**Task objective**
Set down exact lines only, from the line with "This simple lamp" through the last line of the material below, with every picture left out.

**Exercise data**

"""

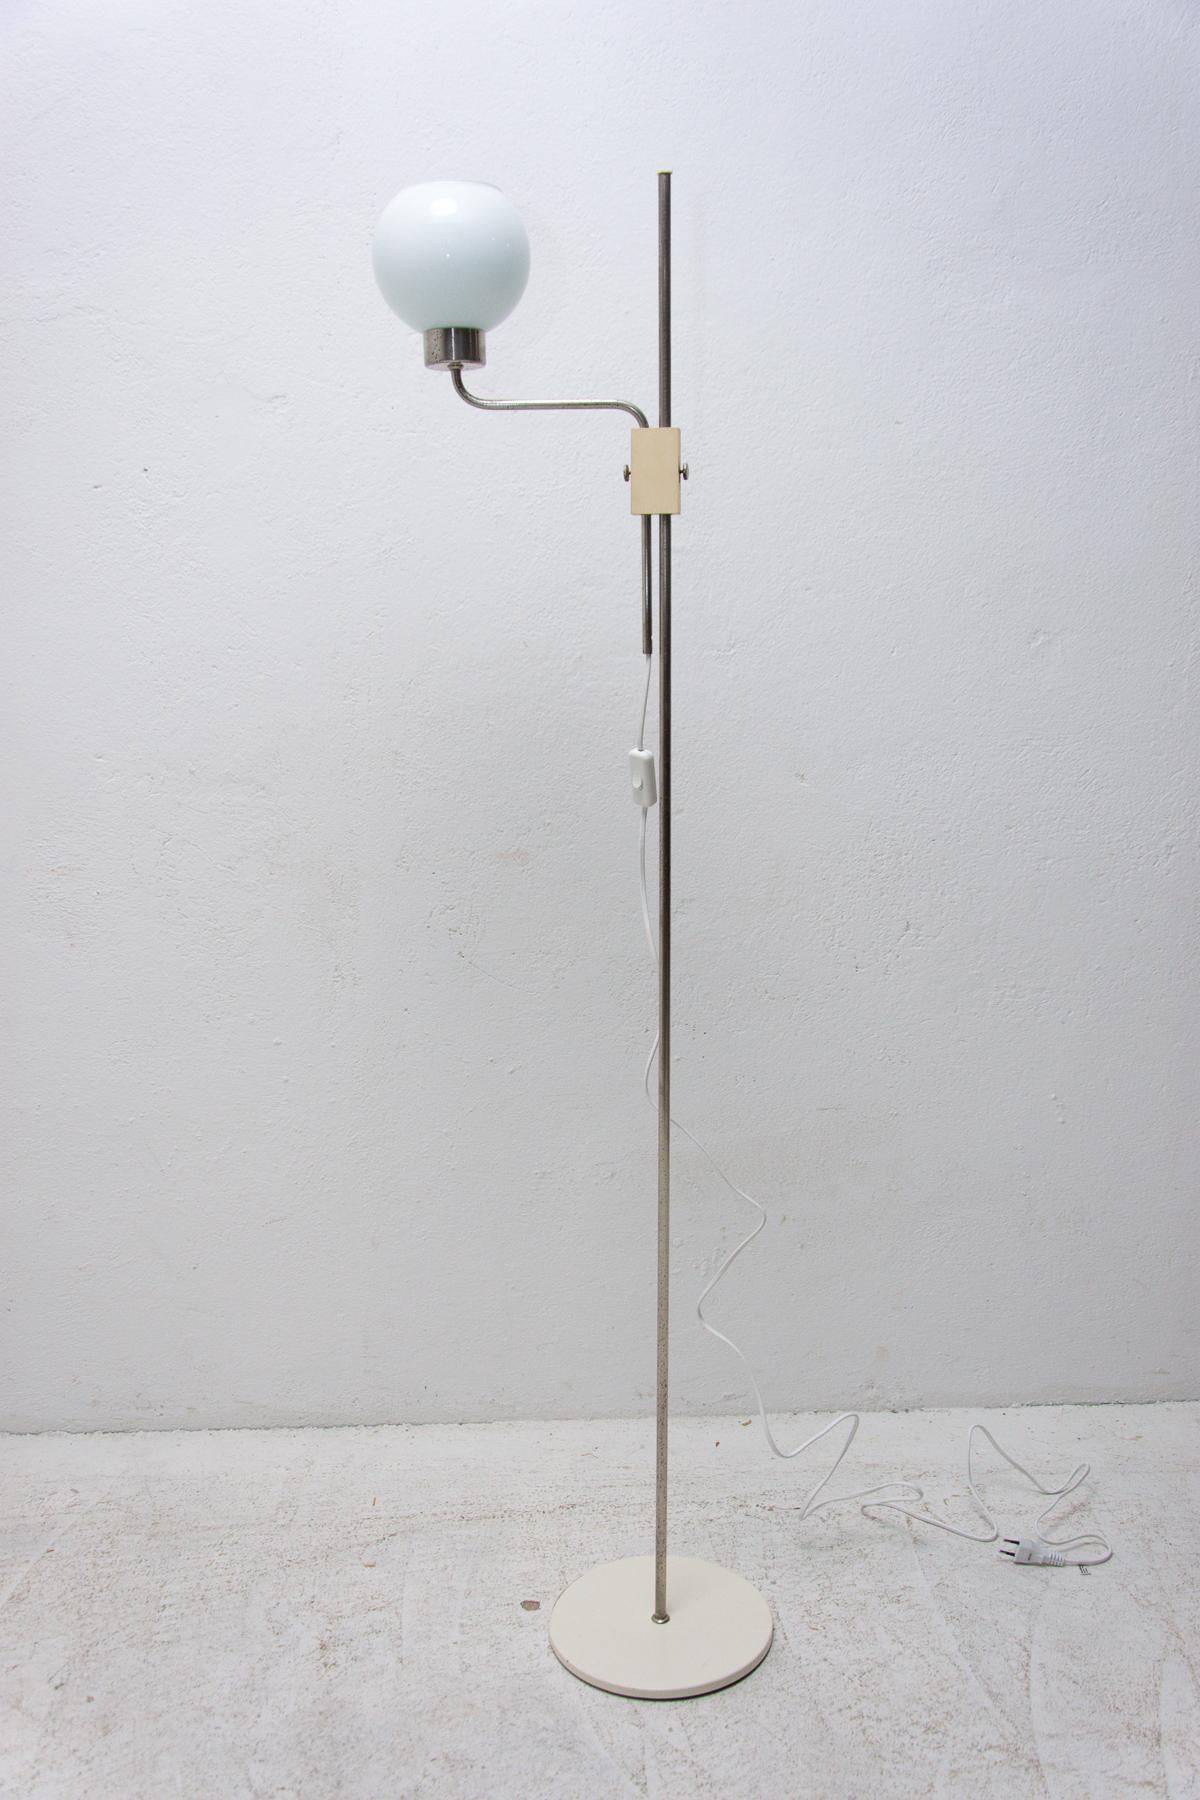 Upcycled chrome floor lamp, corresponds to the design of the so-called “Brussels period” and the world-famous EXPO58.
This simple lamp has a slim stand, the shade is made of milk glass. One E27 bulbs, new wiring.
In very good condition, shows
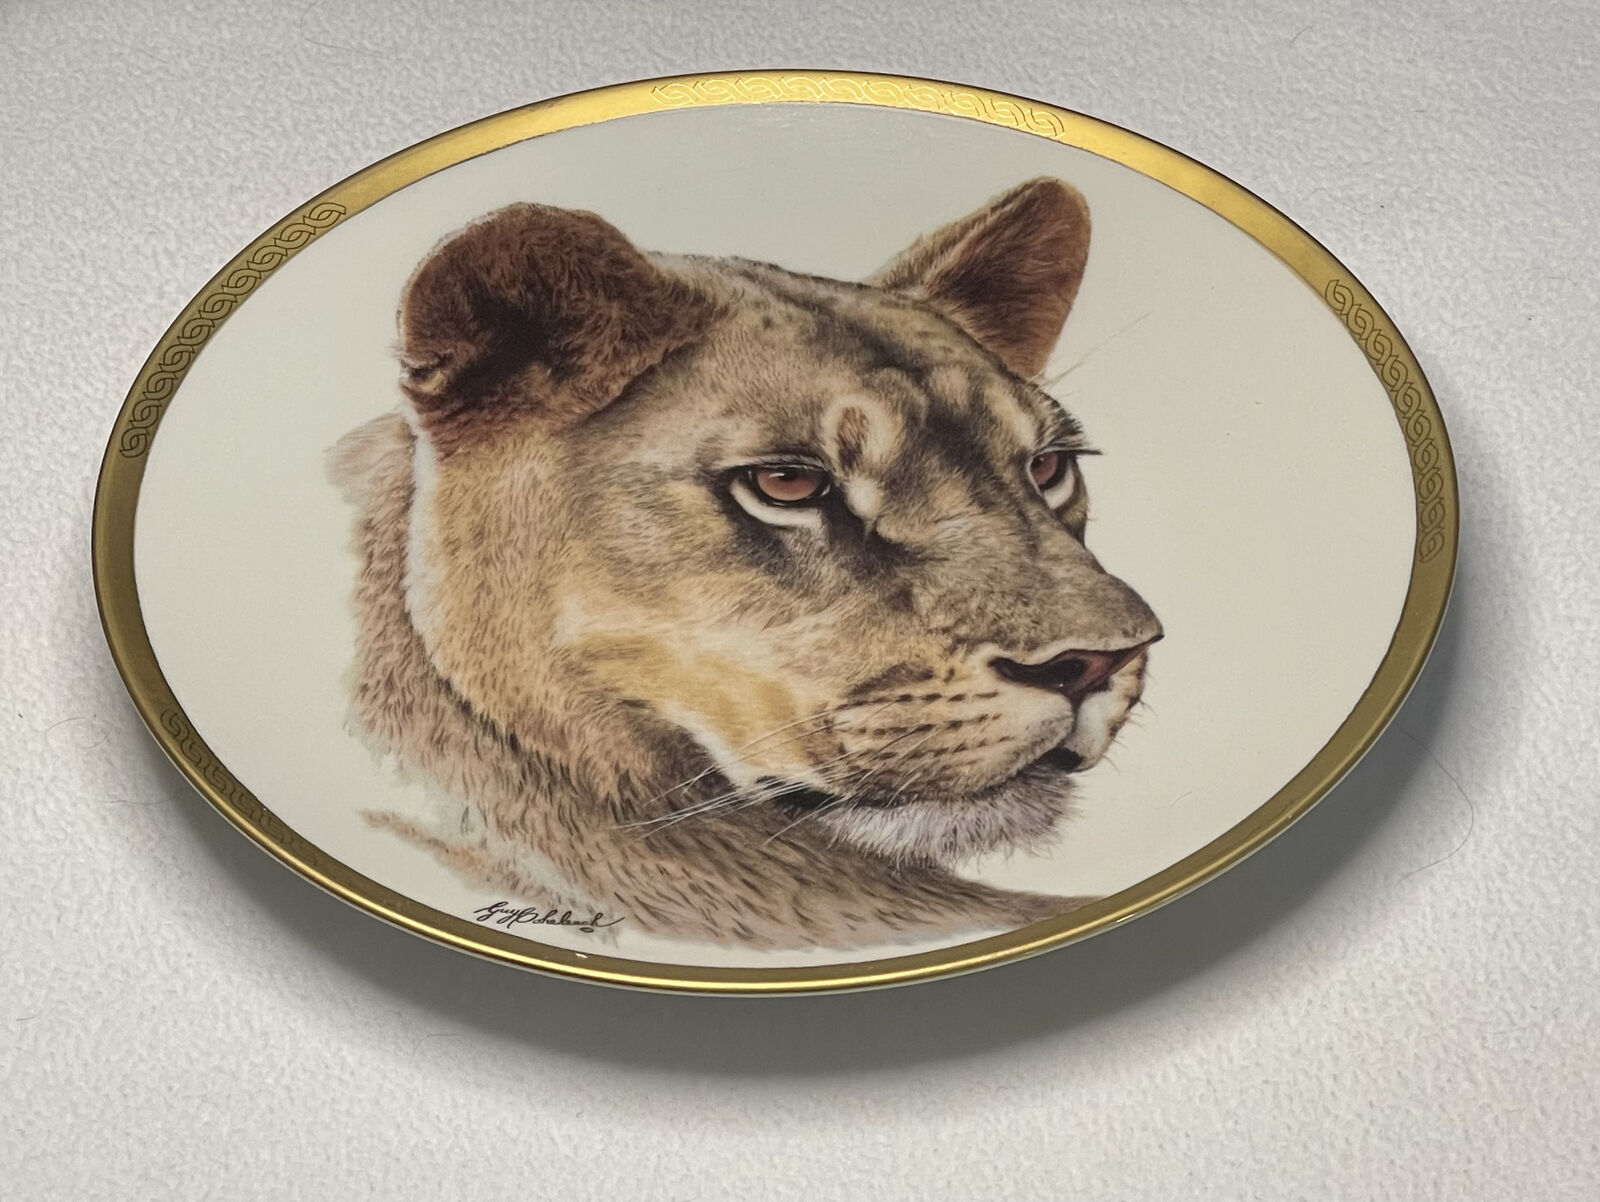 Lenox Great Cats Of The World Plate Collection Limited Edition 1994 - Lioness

"""

**Task answer**
This simple lamp has a slim stand, the shade is made of milk glass. One E27 bulbs, new wiring.
In very good condition, shows
 Lenox Great Cats Of The World Plate Collection Limited Edition 1994 - Lioness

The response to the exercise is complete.